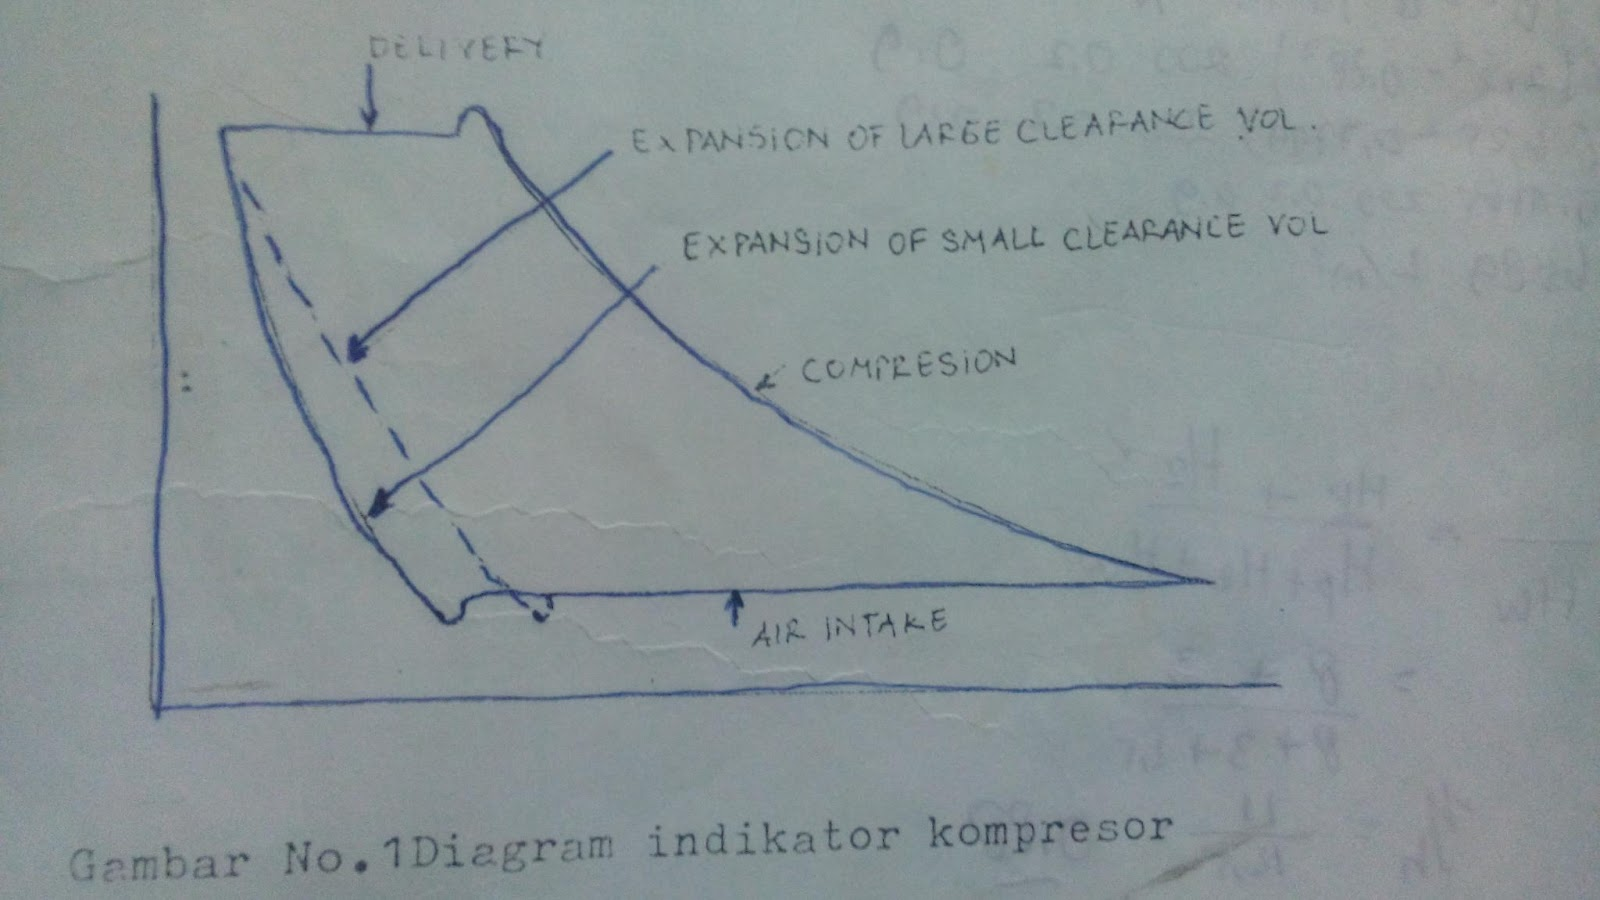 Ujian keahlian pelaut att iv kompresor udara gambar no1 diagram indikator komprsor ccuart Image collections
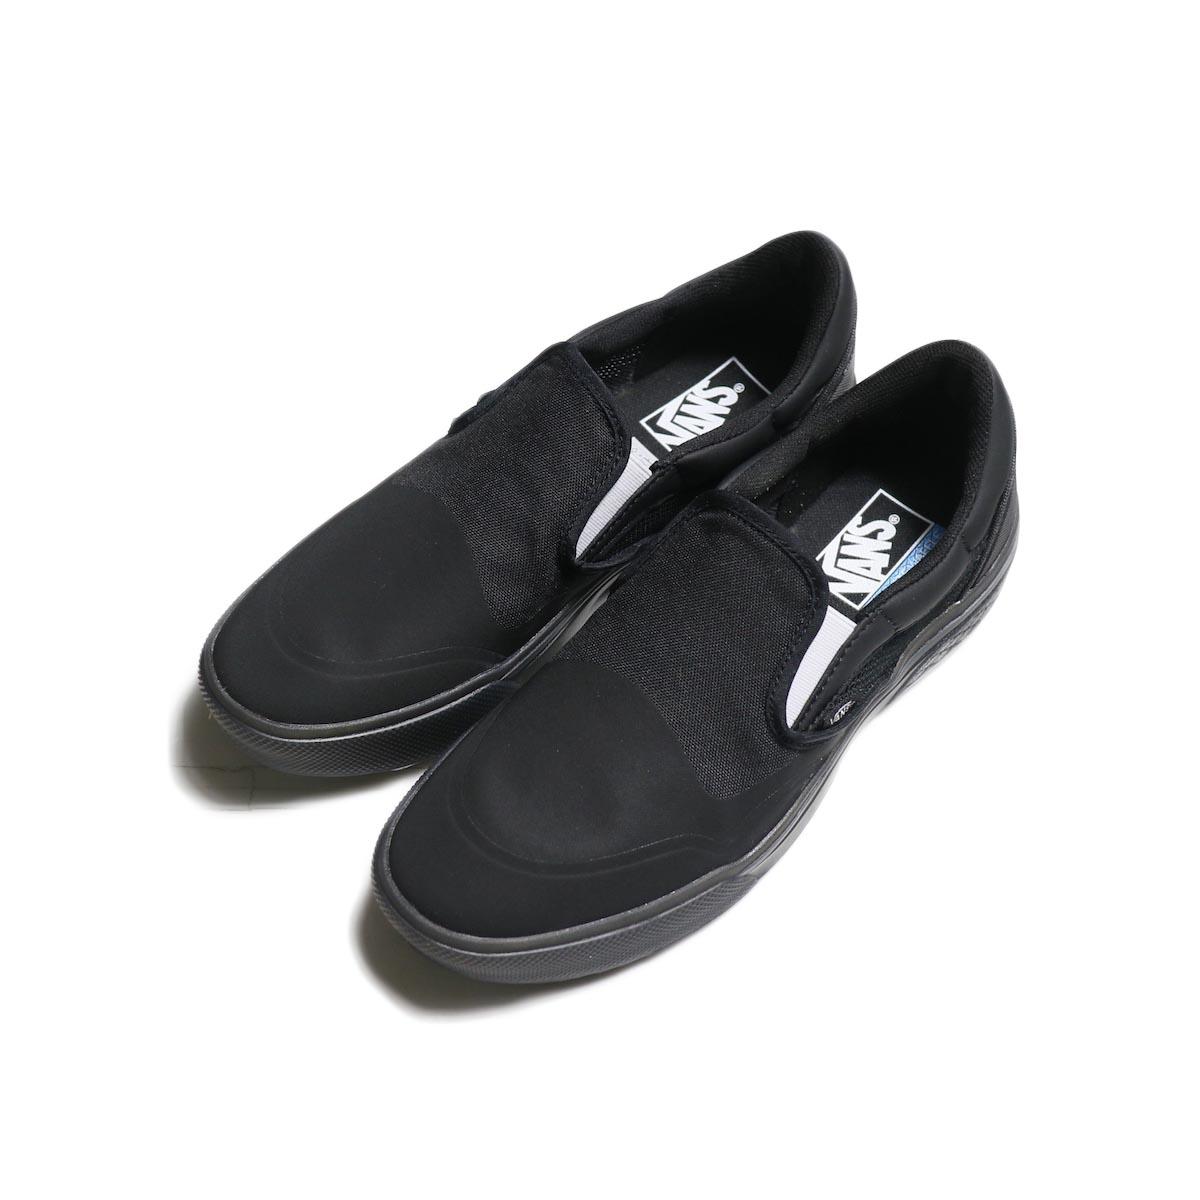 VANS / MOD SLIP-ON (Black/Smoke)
...
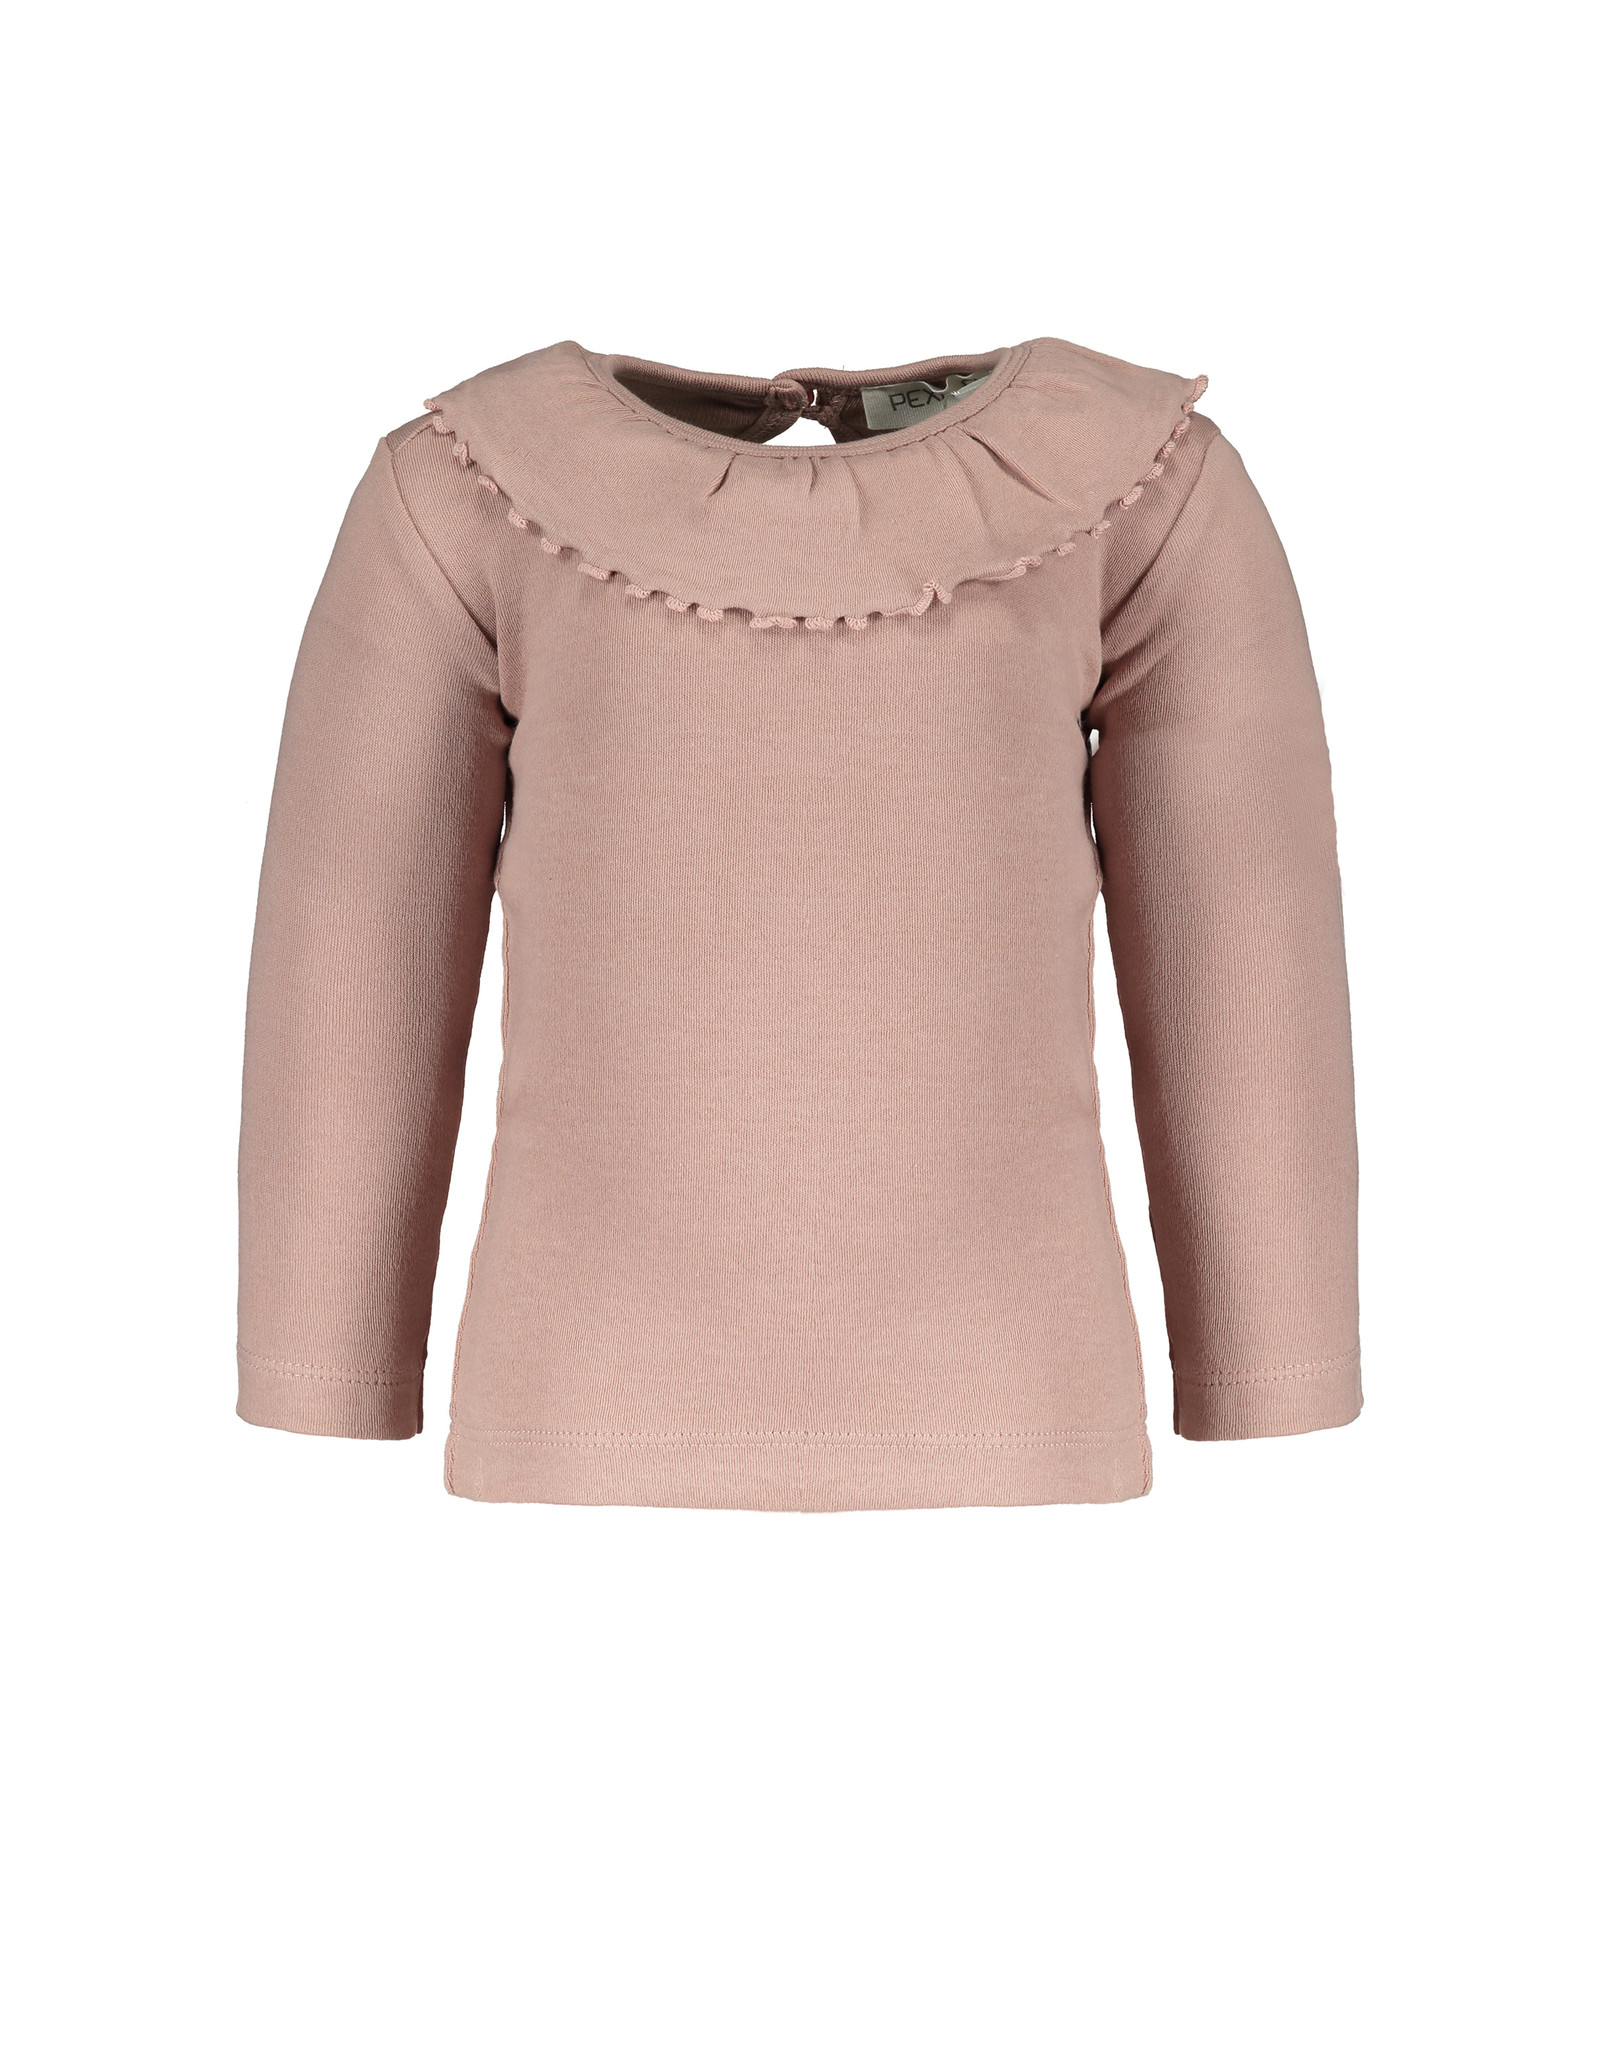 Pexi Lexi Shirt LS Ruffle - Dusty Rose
---
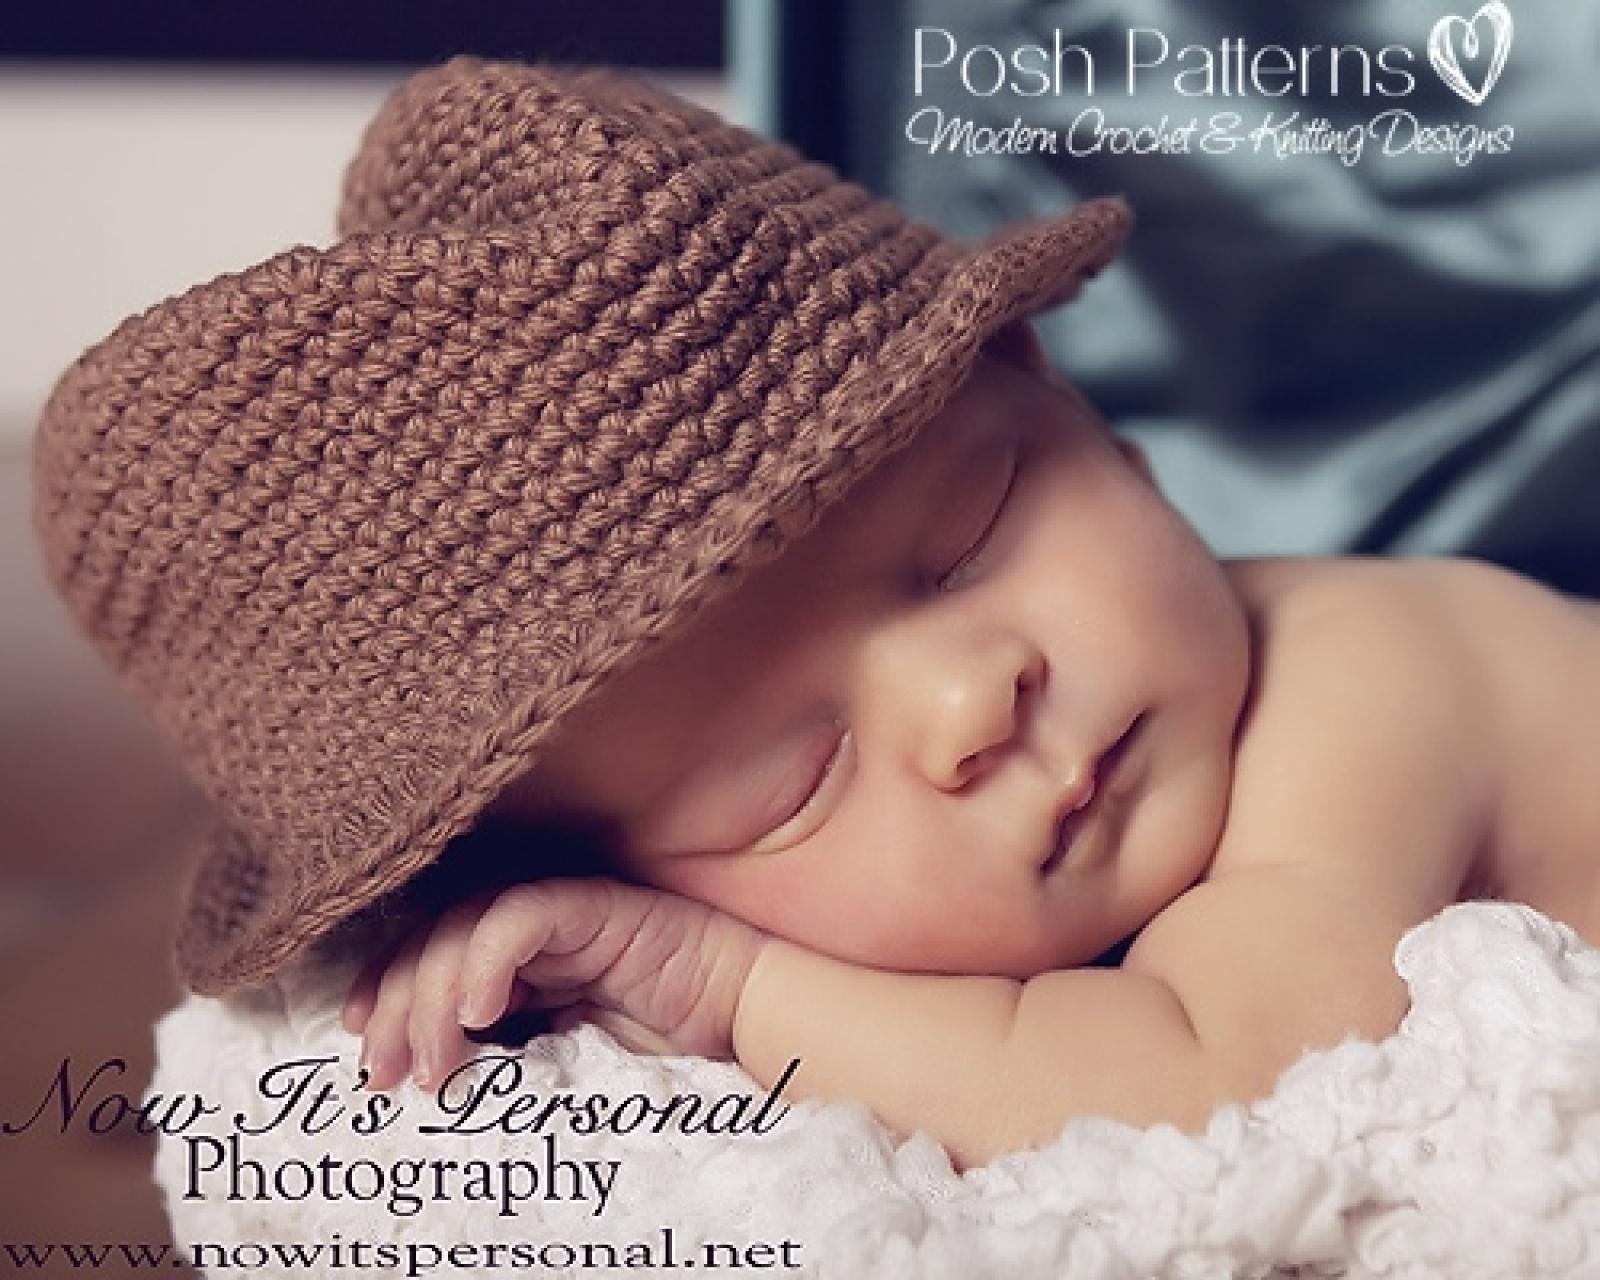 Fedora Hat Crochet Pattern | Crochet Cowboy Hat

WHAT THE EXERCISE ASKS
Above are the records; copy from them only the lines starting at the one containing "Ujian keahlian pelaut" and ending at the one containing "VANS / MOD SLIP-ON (Black/Smoke)", exactly and without pictures.

RESULT OF THIS EXERCISE
 Ujian keahlian pelaut att iv kompresor udara gambar no1 diagram indikator komprsor ccuart Image collections
 VANS / MOD SLIP-ON (Black/Smoke)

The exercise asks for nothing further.